Dinit can also run as a normal process, and can be started in this case by a
regular user.

By default, regardless of whether it runs as a system or user process, Dinit
will look for and start the service named "boot". This service should be
configured with dependencies which will cause any other desired services to
start. You can specify alternative services to start via the `dinit` command
line (consult the man page for more information).

## Controlling services

### Service hierarchy and states

Services can depend on other services for operation, and so form a
dependency hierarchy. Starting a service which depends on another
causes that other service to start (and the first service waits until
the latter has started before its process is launched and it is itself
considered started).

Services are considered _active_ when they are not stopped. Services
can also be explicitly marked as active (this normally happens when you
explicitly start a service).
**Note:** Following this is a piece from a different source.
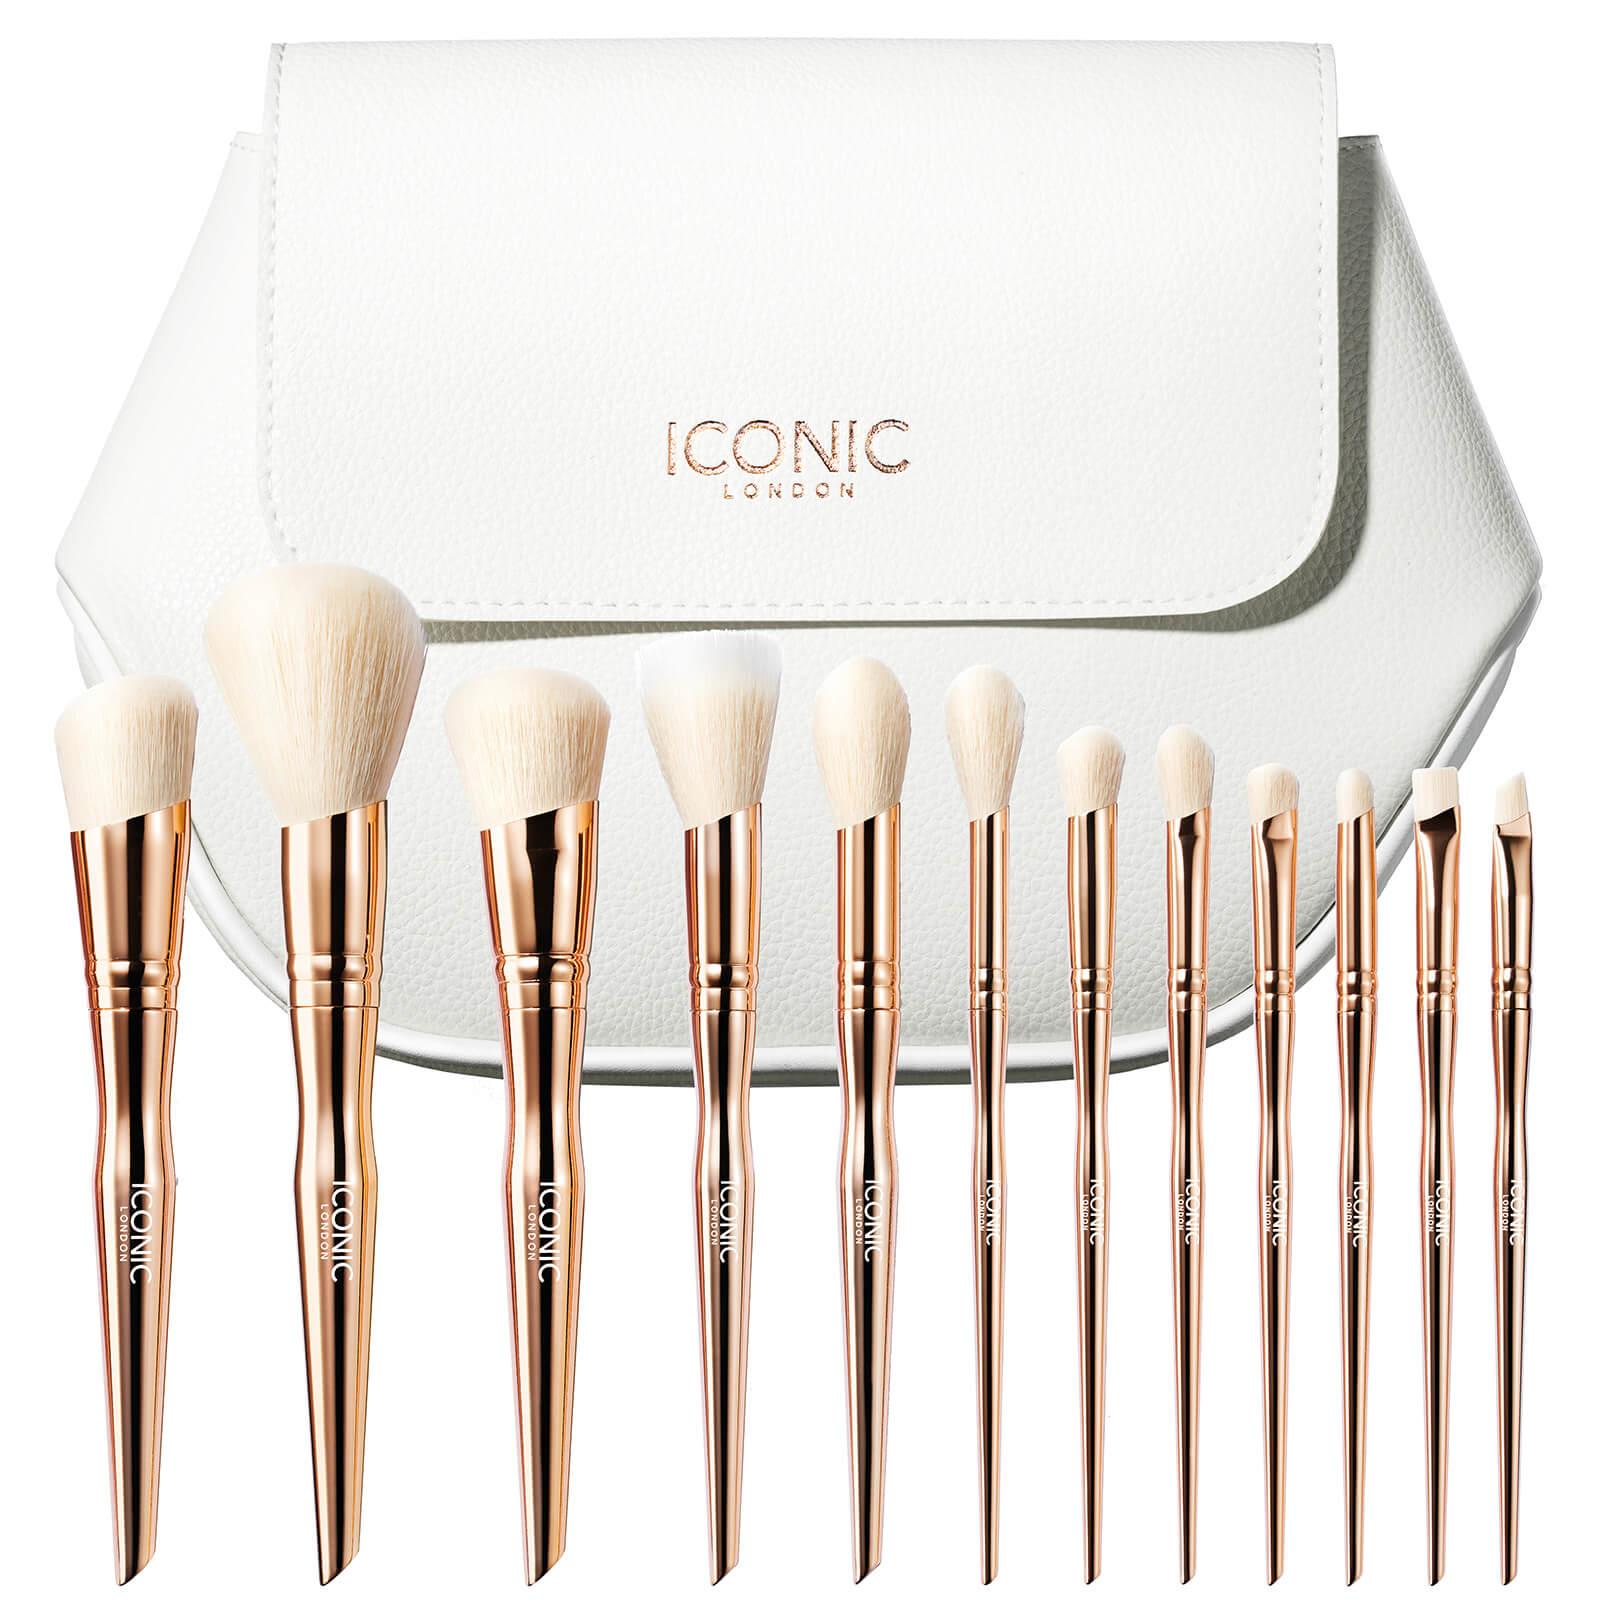 Купить ICONIC London All Angles Brush Set

Finally, a service with an active dependent
is also considered active.

If a service stops and becomes inactive (i.e. it is not explicitly marked
active and has no active dependents) then any services it depends on will
also be marked inactive and stopped unless they have other active
dependents, or were explicitly started and marked active.

What this means is that, in general, starting an (inactive, stopped)
service and then stopping it will return the system to its prior state -
no dependencies which were started automatically will be left running.

### Using dinitctl

You can use the "dinitctl" utility to start and stop services. Typical invocations
are:

    dinitctl start <service-name>
    dinitctl stop <service-name>
    dinitctl release <service-name>

Note that a "start" marks the service active, as well as starting it if it is
not already started; the opposite of this is actually "release", which clears
the active mark and stops it if it has no active dependent services. The "stop"
command by default acts as a "release" that also forces the service to stop
(although it may then immediately restart, depending on how it and its
dependents are configured).

Use the "-s" switch to talk the "system" instance of Dinit, rather than a
personal instance, e.g:

    dinitctl -s start mysql   # start system mysql service

For complete details on the command line, use:

    dinitctl --help

You can "pin" a service in either the stopped or started state, which prevents
it from changing state either due to a dependency/dependent or a direct
command:

    dinitctl -s start --pin mysql  # start mysql service, pin it as "started"
    dinitctl -s stop mysql  # issues stop, but doesn't take effect due to pin
    dinitctl -s unpin mysql # release pin; service will now stop

You can pin a service in the stopped state in order to make sure it doesn't
get started accidentally (either via a dependency or directly). You can also
use it to temporarily keep stopped a service that would otherwise restart
immediately when you stopped it (because it, or a dependent, is configured
to restart automatically).

Finally, you can list the state of all loaded services:

    dinitctl -s list

This may result in something like the following:

    [{+}     ] boot
    [{+}     ] tty1 (pid: 300)
    [{+}     ] tty2 (pid: 301)
    [{+}     ] tty3 (pid: 302)
    [{+}     ] tty4 (pid: 303)
    [{+}     ] loginready (has console)
    [{+}     ] rcboot
    [{+}     ] filesystems
    [{+}     ] udevd (pid: 4)
    [     {-}] mysql

The above represents a number of started services and one stopped service
(mysql). Services transitioning state (starting or stopping) are displayed
with an arrow indicating the transition direction:

    [{ }<<   ] mysql     # starting
    [   >>{ }] mysql     # stopping
    
The curly brackets indicate the desired state, which may not be the state to
which the service is currently transitioning. For example:

    [   <<{ }] mysql     # starting, but will stop after starting
    [{ }>>   ] mysql     # stopping, but will restart once stopped

Remember that a "starting" service may be waiting for its dependencies to
start, and a "stopping" service may be waiting for its dependencies to stop.